Studio album by Dread Zeppelin
- Released: July 24, 1990
- Length: 43:24
- Label: I.R.S.
- Producer: Jah Paul Jo, Rasta Li-Mon

Dread Zeppelin chronology
|  | Un-Led-Ed (1990) | 5,000,000 (1991) |

= Un-Led-Ed =

Un-Led-Ed is the debut album by Dread Zeppelin, released in 1990. The album received a public endorsement by Led Zeppelin vocalist Robert Plant, who claimed he preferred Dread Zeppelin's cover of "Your Time Is Gonna Come" to the Led Zeppelin original.

==Recording==
Initial recording sessions for the album took place at The Chapel in Encino, California, in 1989. Co-producer Rasta Li-Mon (R. Lee Manning) was the house engineer for owner Dave Stewart, of Eurythmics. The first sessions yielded two vinyl 45 singles, "Immigrant Song" b/w "Hey Hey What Can I Do" and "Whole Lotta Love" b/w "Tour-Telvis: A Bad Trip". Both singles were released by Birdcage Records in 1989.
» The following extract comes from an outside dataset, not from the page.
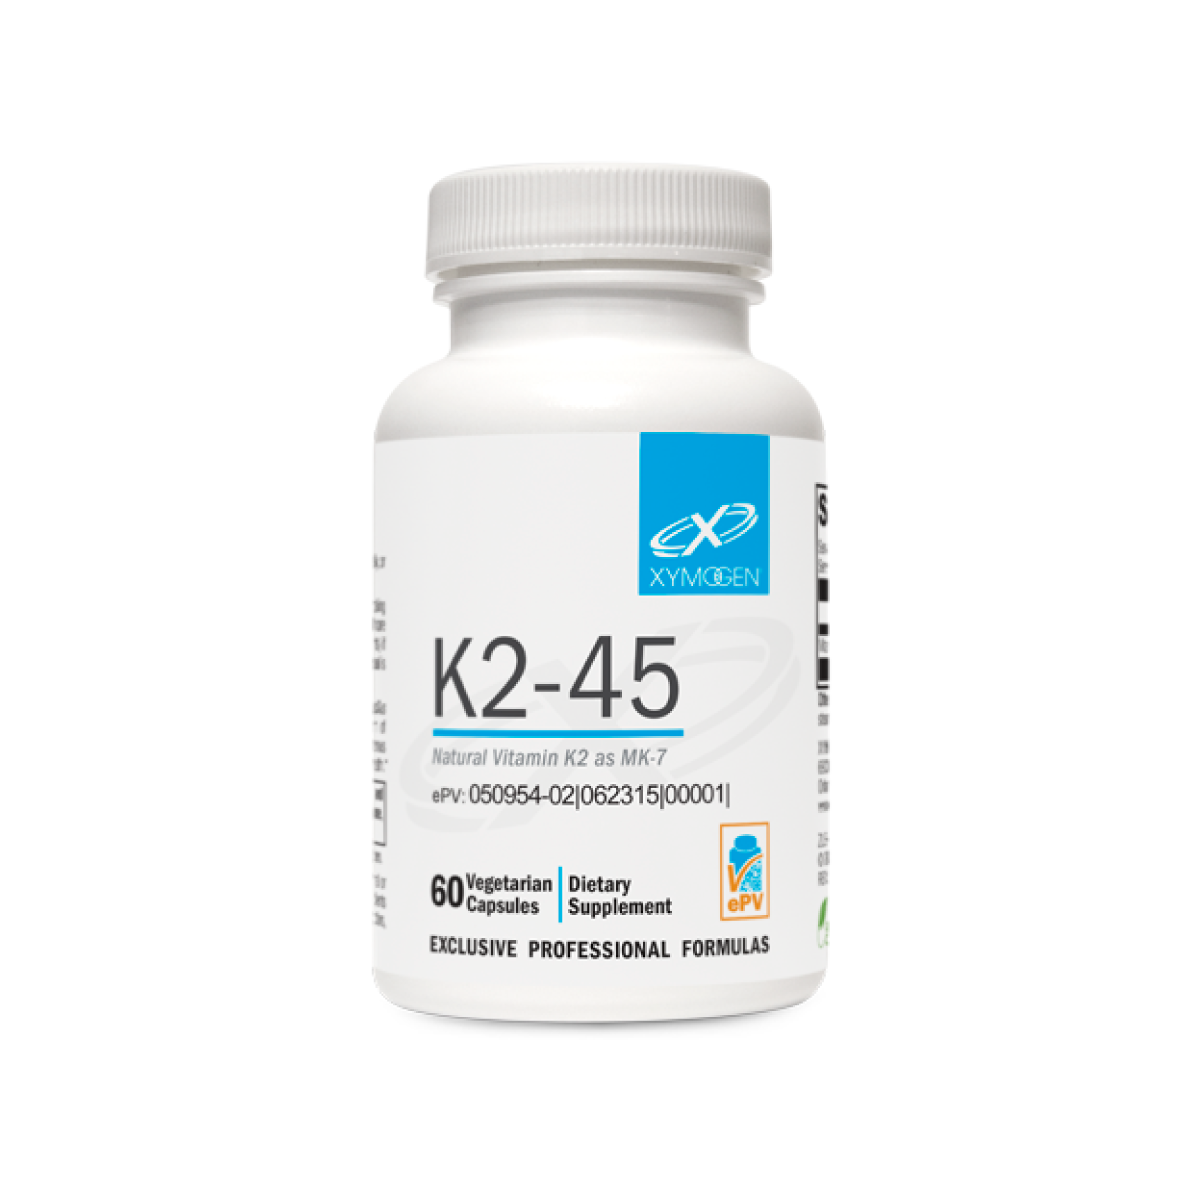 Xymogen K2-45 | 45mcg 60 count, a bioavailable and bioactive form of supplemental vitamin K2, displayed on a white background. This bottle supports bone and heart health.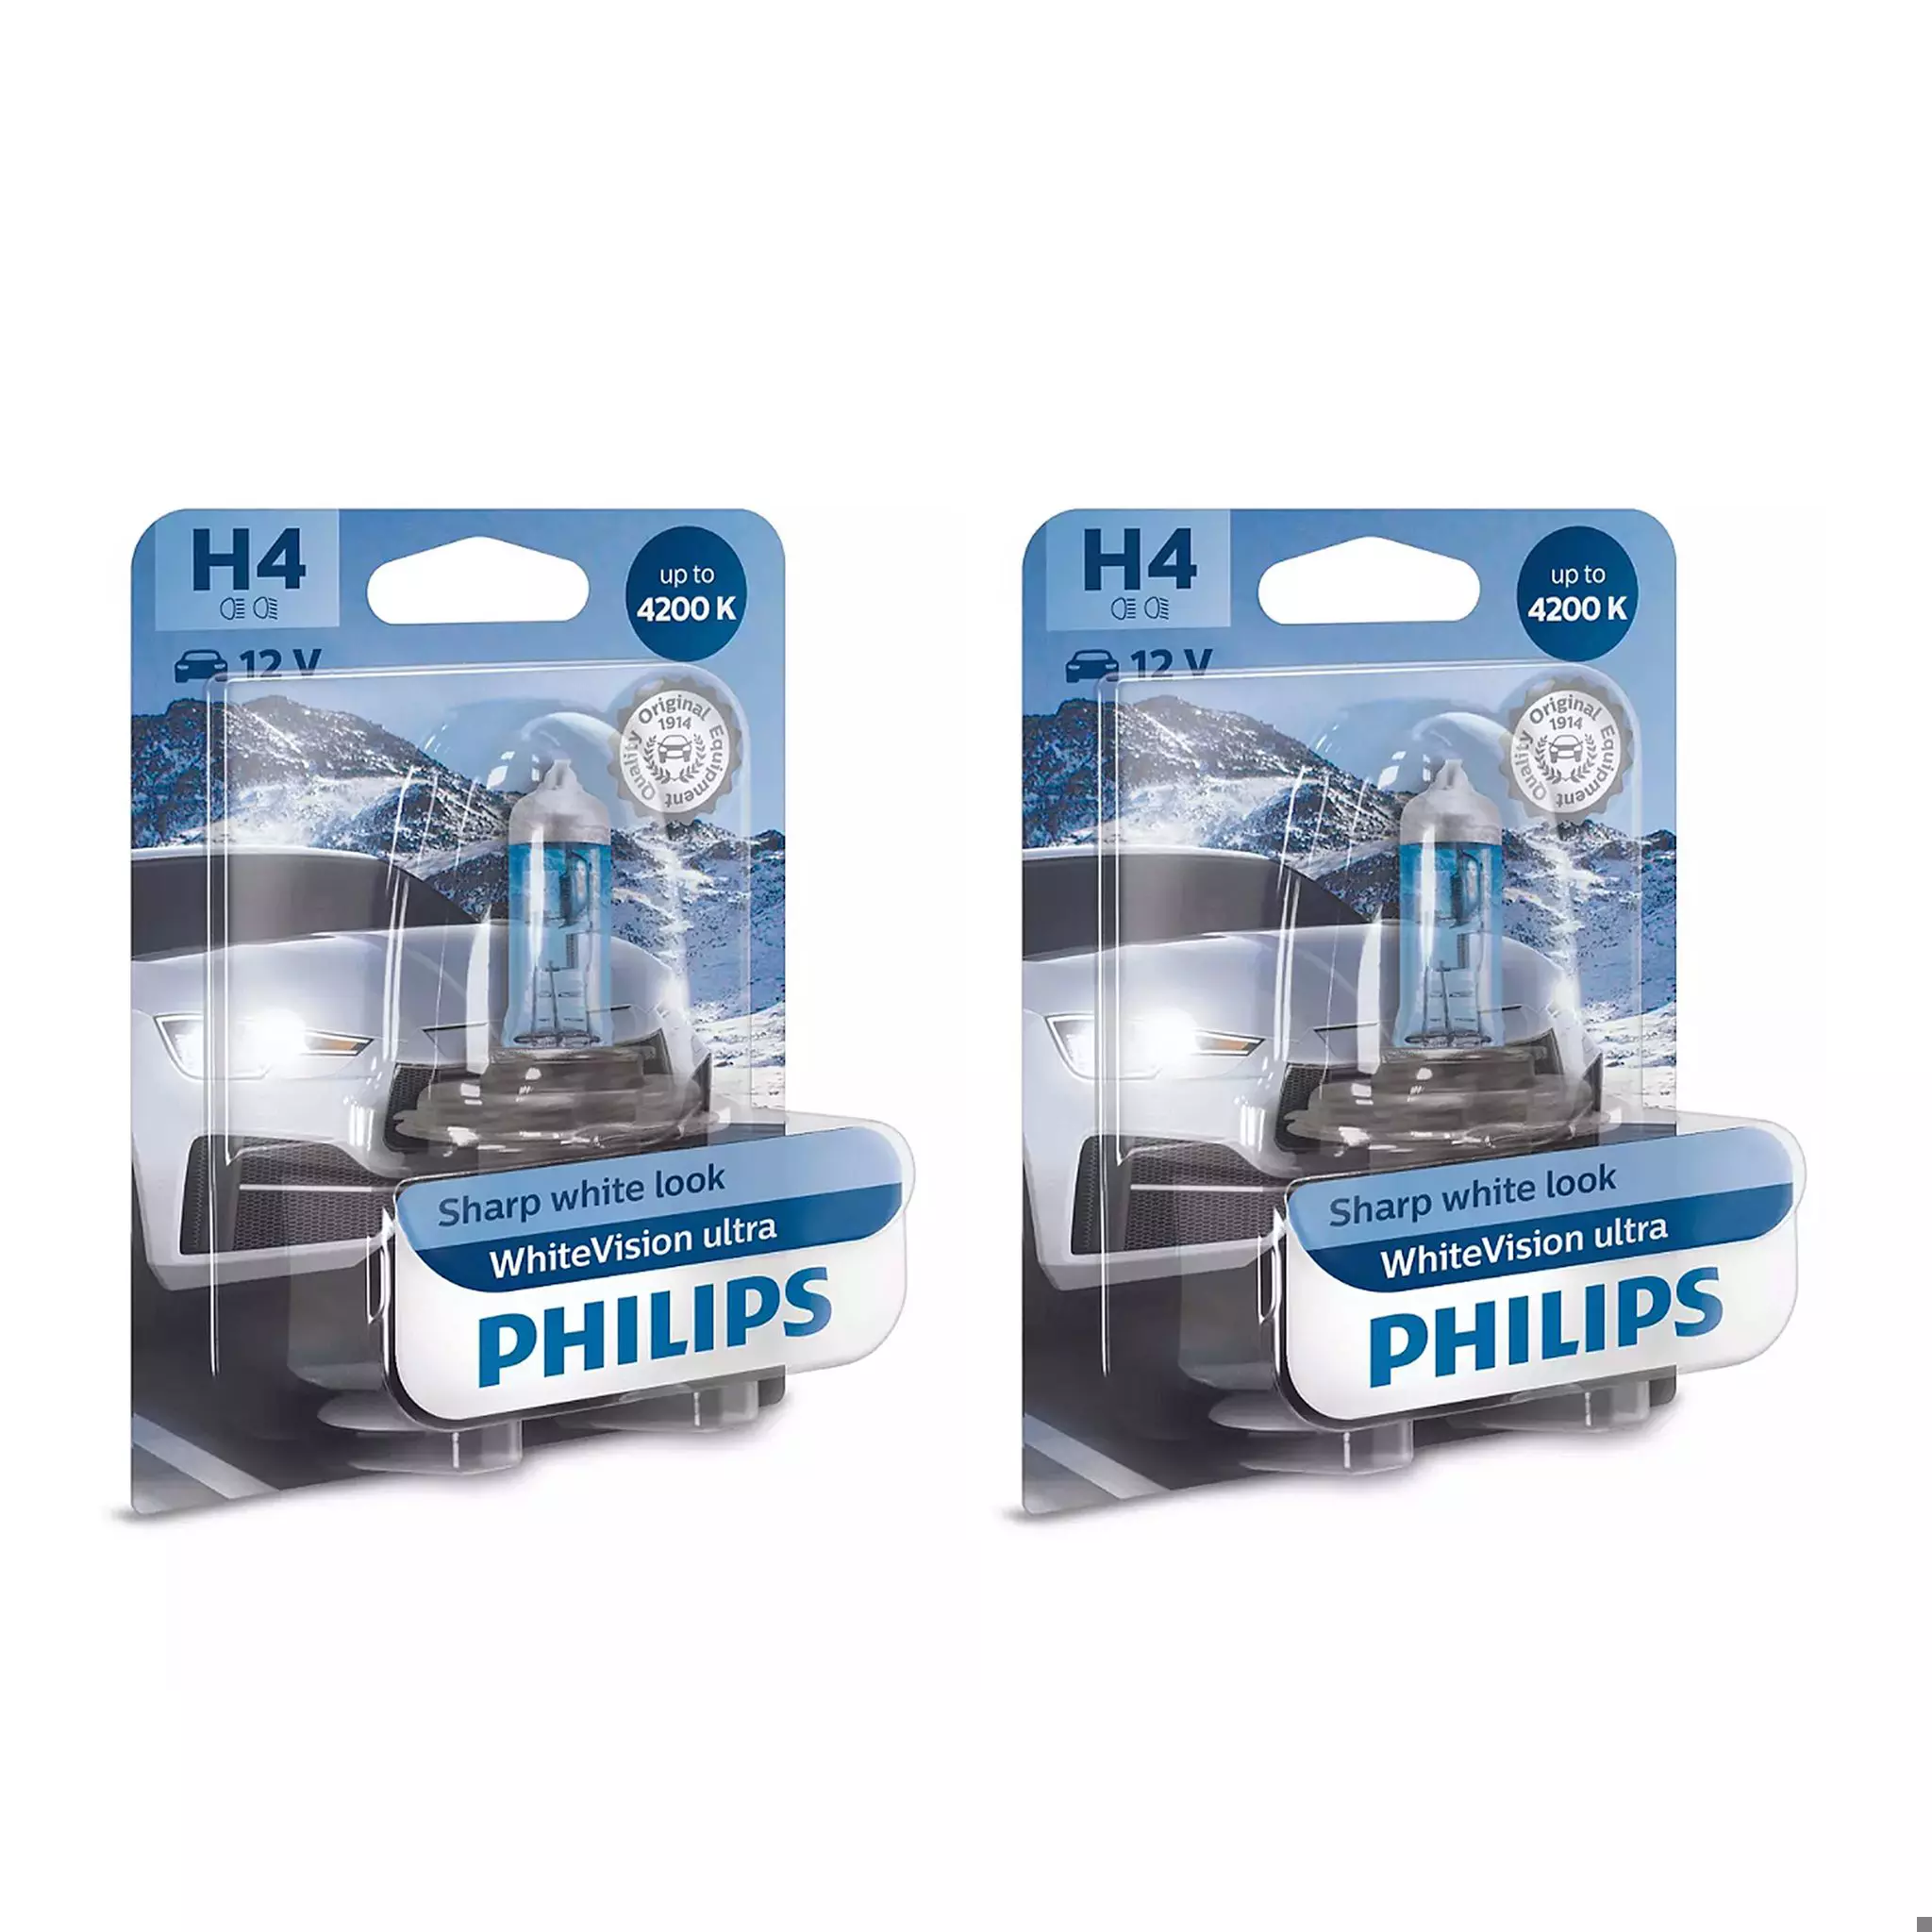 Halogeenipolttimo Philips Whitevision Ultra, 55W, H4,

After selling out multiple runs of the singles in various vinyl colors, Birdcage gave the go-ahead to record a full album. The original concept was to lampoon each Led Zeppelin album in its original order but that was scrapped for more of a hodgepodge approach that could include Dread Zeppelin live favorites like "Black Dog" and "Heartbreaker."

Un-Led-Ed was 90% finished when Dread Zeppelin were signed to I.R.S. Records who arranged for the final recording sessions at Club 56 Studio in Burbank, California. Two songs were recorded: "Black Dog" and "(All I Want For Christmas Is) My Two Front Teeth." Both songs feature new drummer, Fresh Cheese 'n' Cheese (Paul Maselli). Original percussionist, Cheese (Curt Lichter), had left the band after the Chapel recordings.

"Hey Hey What Can I Do" and "Tour-Telvis: A Bad Trip" were not included on Un Led-Ed but appear on a Birdcage Records cassette-only compilation called Kom Gib Mir Deine Zeppelin and various I.R.S. single B-sides. "All I Want for Christmas Is My Two Front Teeth" appears on a 1990 I.R.S. Christmas sampler called Just in Time for Christmas.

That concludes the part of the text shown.